* [AIM OF THE TASK]: Print the data below again in full, exactly as it stands, with no images.

* [AVAILABLE DATA]:
>>

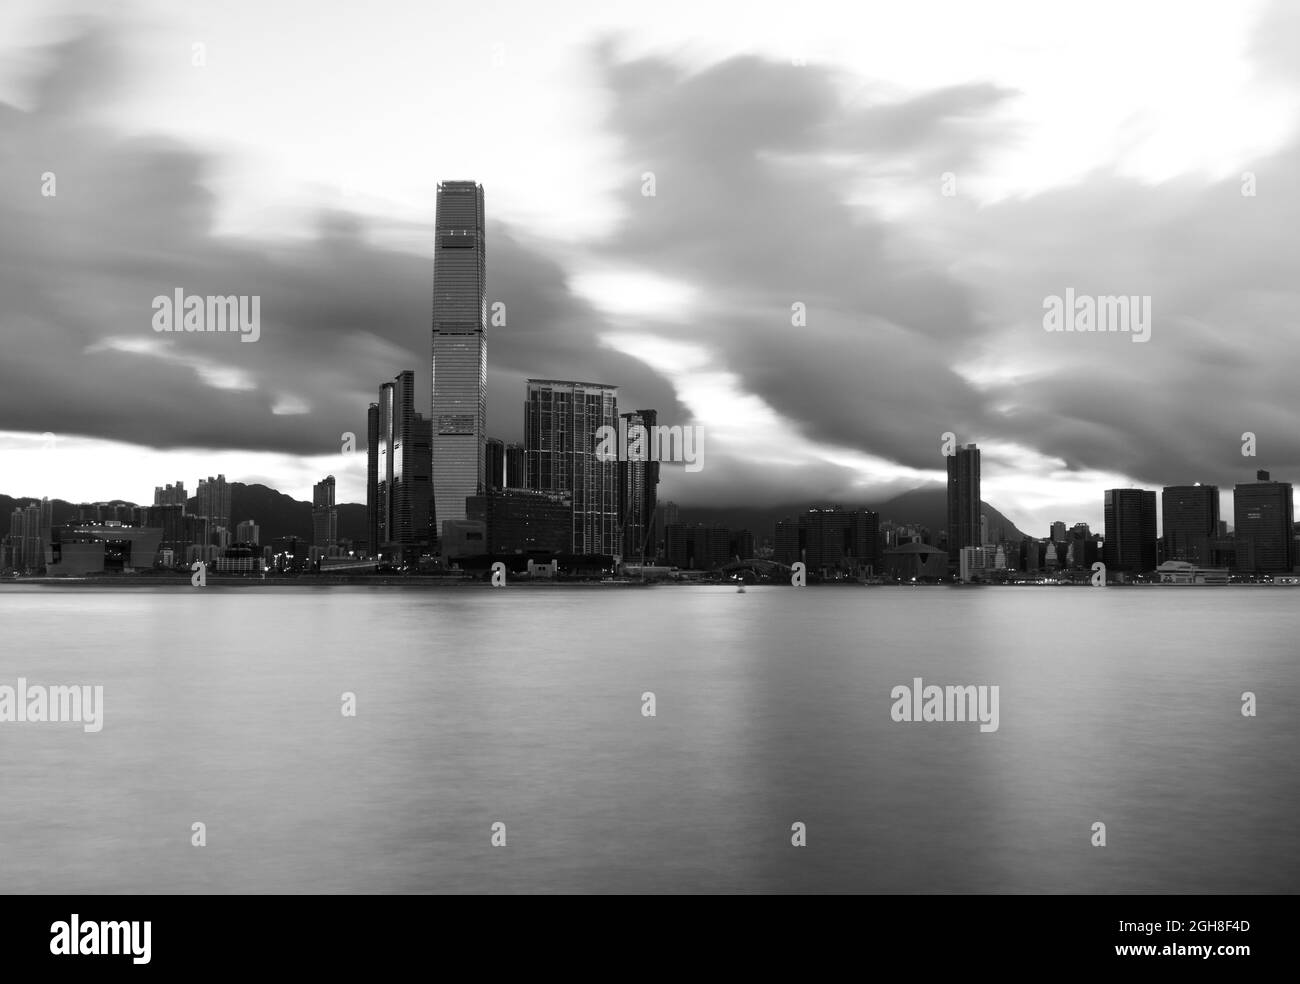 Foto in bianco e nero scattata dall'isola di Hong Kong guardando attraverso Victoria Harbour a Kowloon e al grattacielo ICC. La lunga esposizione dà il mare serico. Foto Stock
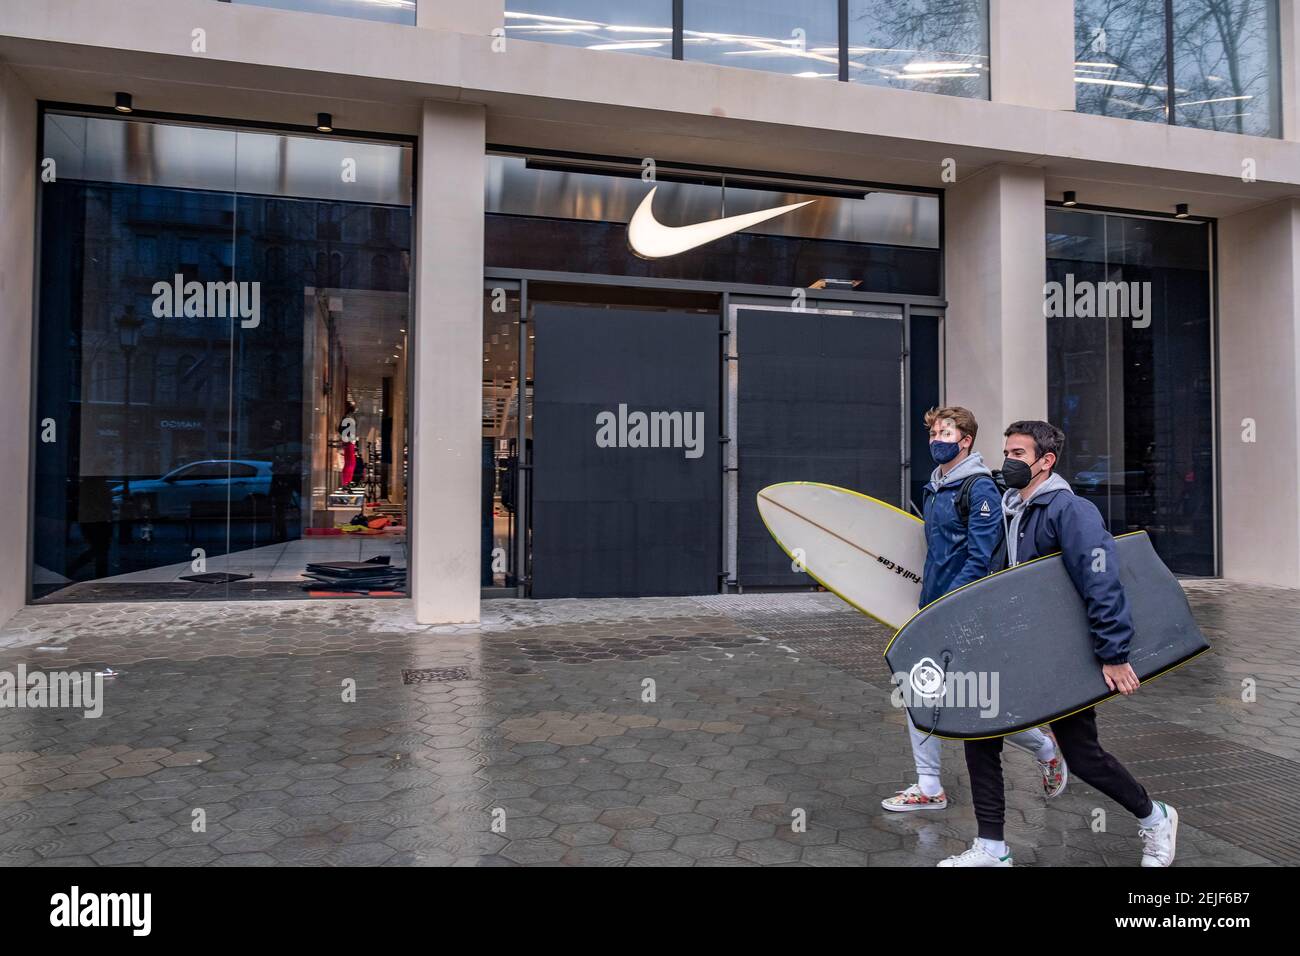 Barcelone, Espagne. 22 février 2021. Deux jeunes hommes avec planches de  surf marchent devant le magasin Nike à Passeig de Gràcia, Vu avec des  protections anti-vandalisme dans leurs fenêtres.plus de 50 magasins
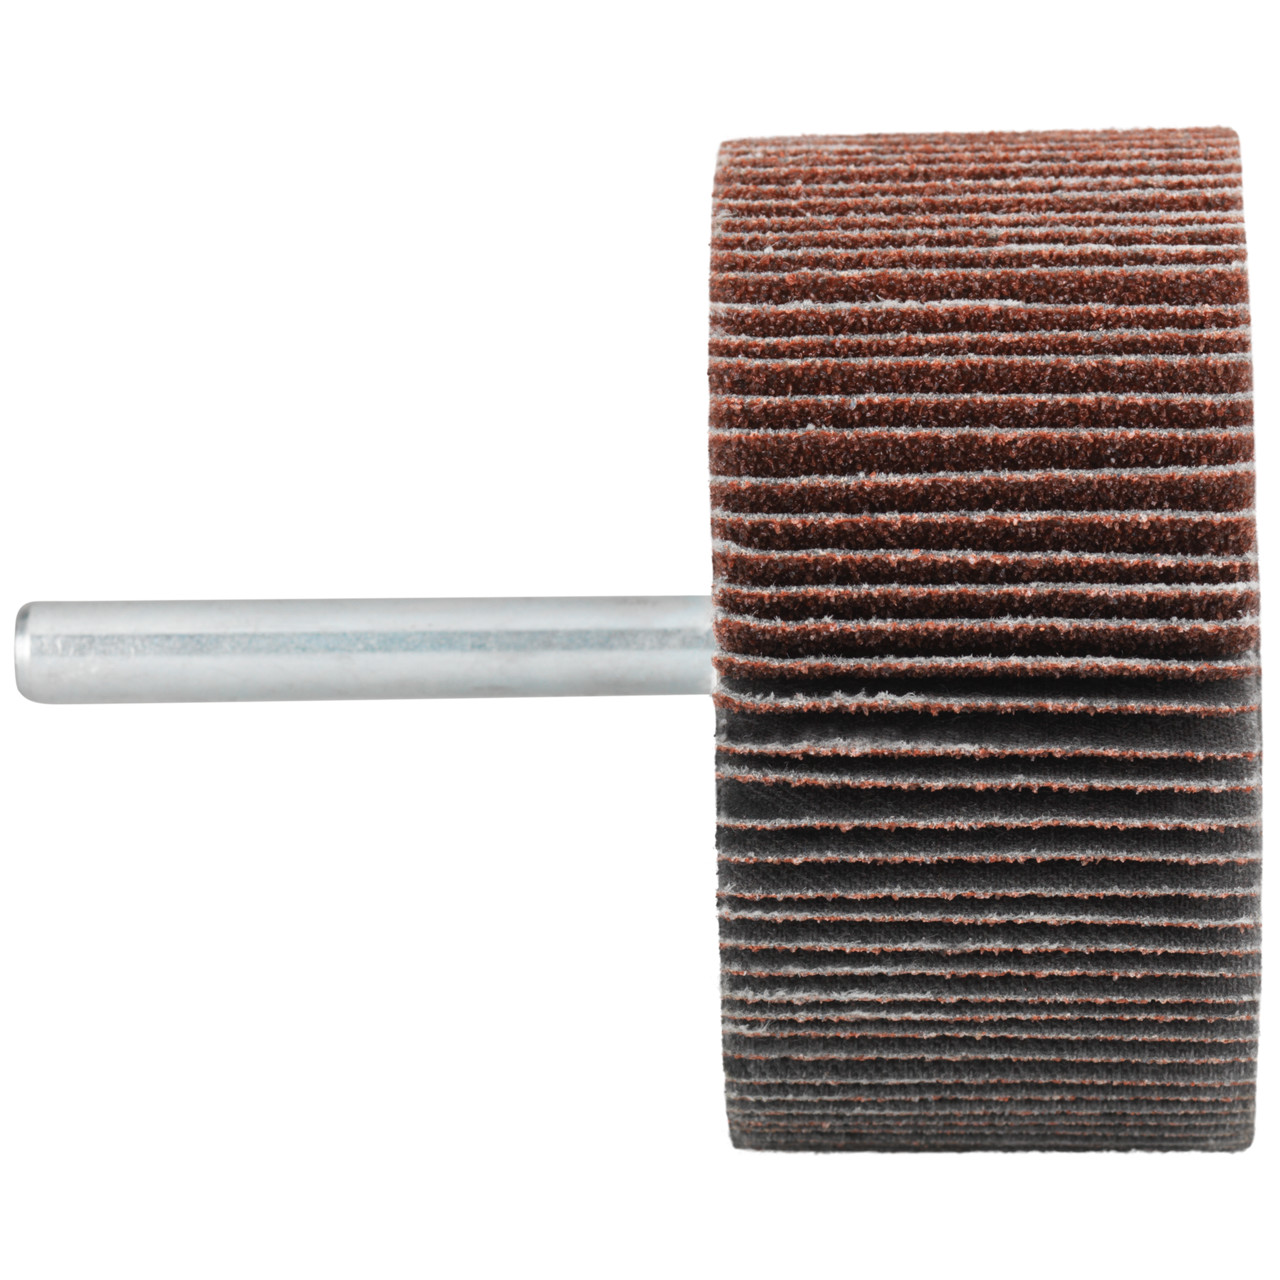 Tyrolit A-P01 C X Pennen DxD 50x30 Voor staal, roestvast staal en non-ferrometalen, P240, vorm: 52LA, Art. 433020

<<

* [FINISHED EXERCISE]:
 Foto in bianco e nero scattata dall'isola di Hong Kong guardando attraverso Victoria Harbour a Kowloon e al grattacielo ICC. La lunga esposizione dà il mare serico. Foto Stock
 Barcelone, Espagne. 22 février 2021. Deux jeunes hommes avec planches de  surf marchent devant le magasin Nike à Passeig de Gràcia, Vu avec des  protections anti-vandalisme dans leurs fenêtres.plus de 50 magasins
 Tyrolit A-P01 C X Pennen DxD 50x30 Voor staal, roestvast staal en non-ferrometalen, P240, vorm: 52LA, Art. 433020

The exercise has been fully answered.